# Warner Swasey Turret Lathe 1928 What was the original color?



## Cadillac STS (Nov 9, 2014)

Got the question in the title.  It is now blue but I want to refurb and paint original color.


----------



## 4GSR (Nov 11, 2014)

More than likely for that time period of 1920's, black.  Another color that was starting to show on machines was a light-medium gray.


----------



## Cadillac STS (Nov 12, 2014)

Here is how it is now.  From all the pictures I have looked at I think it is a medium grey.  Maybe black, I'll have to scrape down some to check that.  I was hoping someone would have an official paint code or name.


----------



## 4GSR (Nov 13, 2014)

I see this all the time on this forum and others, too.

Why does it matter to paint it the original color it was from the factory?

Most of the old paint colors used way back then are not that great, much less pleasing, as newer colors used today.

Paint it what ever color you want.  Make it pleasing to your eyes.

Rustolum makes a color that I started using on my machines that is called "smoke gray".  It's kind of a color that is very similar to the old "machine tool gray"  And it looks very nice!


----------



## core-oil (Nov 13, 2014)

4gsr,

  I believe over in Practical Machinist, they have a Warner & Swasey section, You might want to check, What model is your machine? as it looks a small machine as these machines go,  A factory I used to visit in Glasgow Scotland had a line of Warners, these machines may have been lease lend dating from 1939-45 war period, They were a dark grey colour

  Look after your machine they are good & impressive items of machinery


----------



## sawlog (Nov 13, 2014)

Question did you mount the quick change tool holder in place of the 4 way tool post that was stock?

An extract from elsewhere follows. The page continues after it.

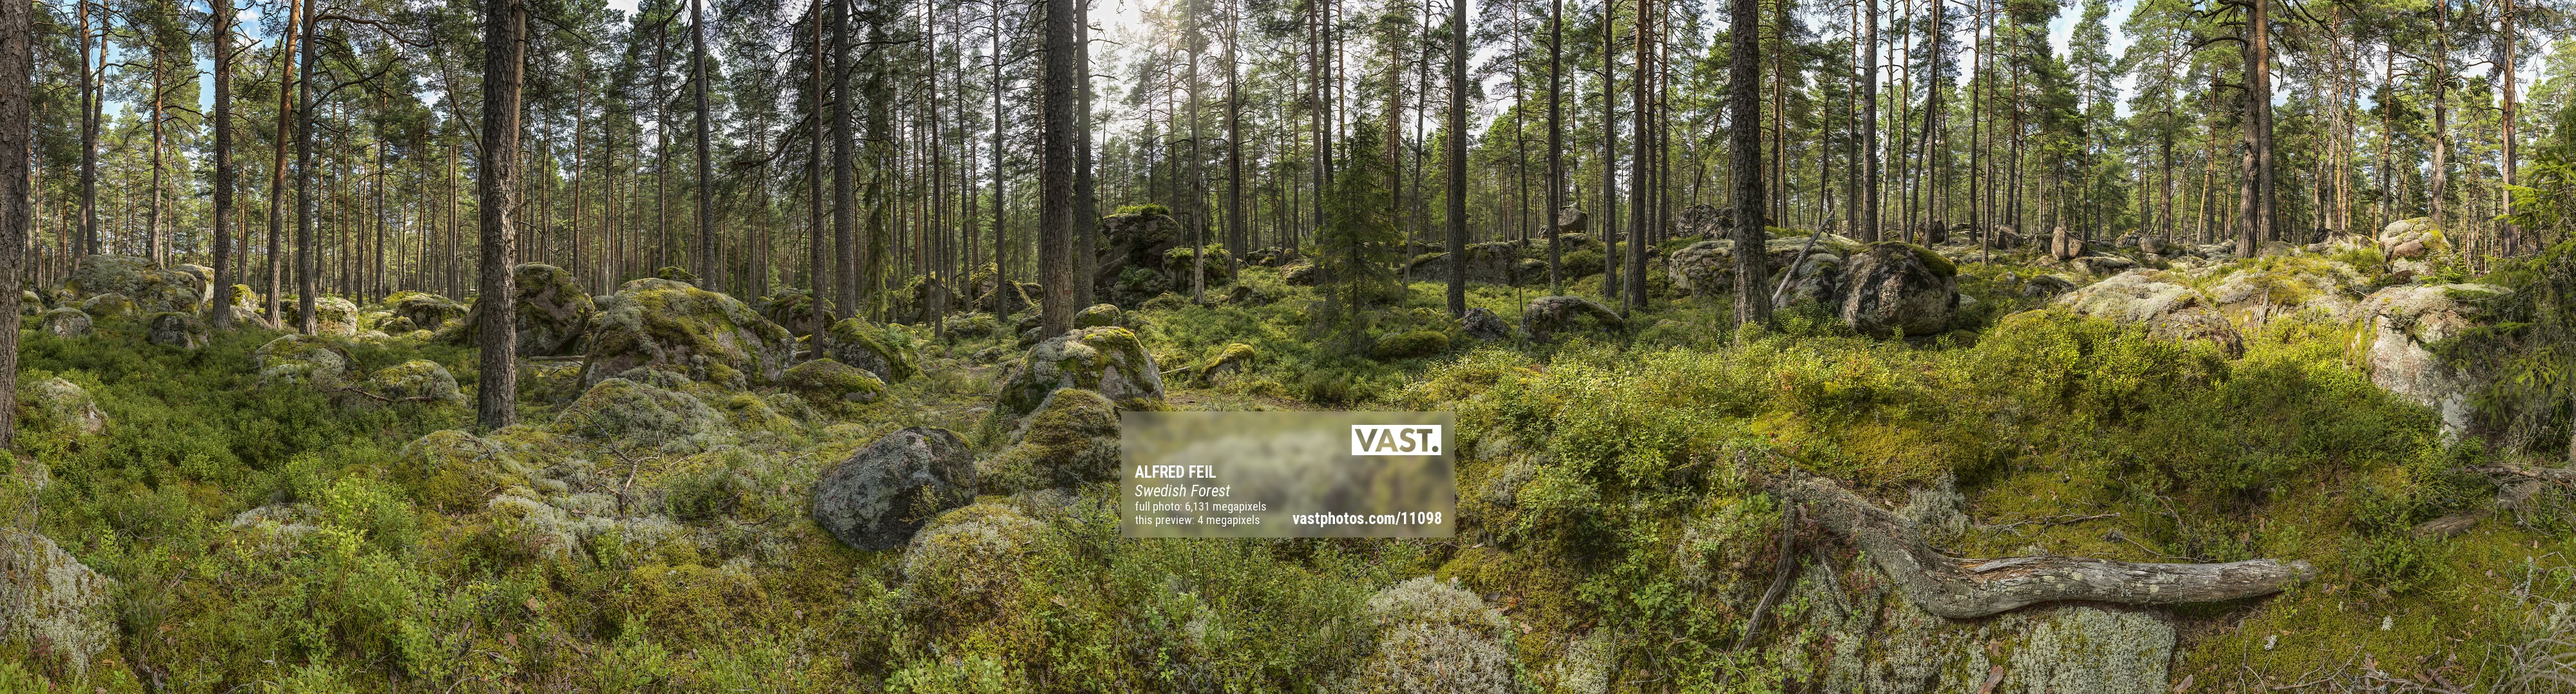 Ultra high resolution forest photos - VAST

The one that I ran in the the late 70's was green.


----------



## Cadillac STS (Nov 13, 2014)

sawlog said:


> Question did you mount the quick change tool holder in place of the 4 way tool post that was stock? The one that I ran in the the late 70's was green.



Yes i mounted the quick change tool post, milled the base for right height.  Makes it much easier to use than shimming and measuring too height


----------



## Cadillac STS (Nov 13, 2014)

core-oil said:


> 4gsr,
> 
> I believe over in Practical Machinist, they have a Warner & Swasey section, You might want to check, What model is your machine? as it looks a small machine as these machines go,  A factory I used to visit in Glasgow Scotland had a line of Warners, these machines may have been lease lend dating from 1939-45 war period, They were a dark grey colour
> 
> Look after your machine they are good & impressive items of machinery



I did post in the Warner Swasey Alumni section on Practical Machinist.  That section is very slow, no answer on the color question there. 


This is a WS number 4 Serial dates it to 1928


----------



## Cadillac STS (Nov 13, 2014)

4gsr said:


> I see this all the time on this forum and others, too.
> 
> Why does it matter to paint it the original color it was from the factory?
> 
> ...



Thanks for the post. I agree original is not as important than what I think looks good. Good suggestion on the color.   Ill probably go with a medium grey. 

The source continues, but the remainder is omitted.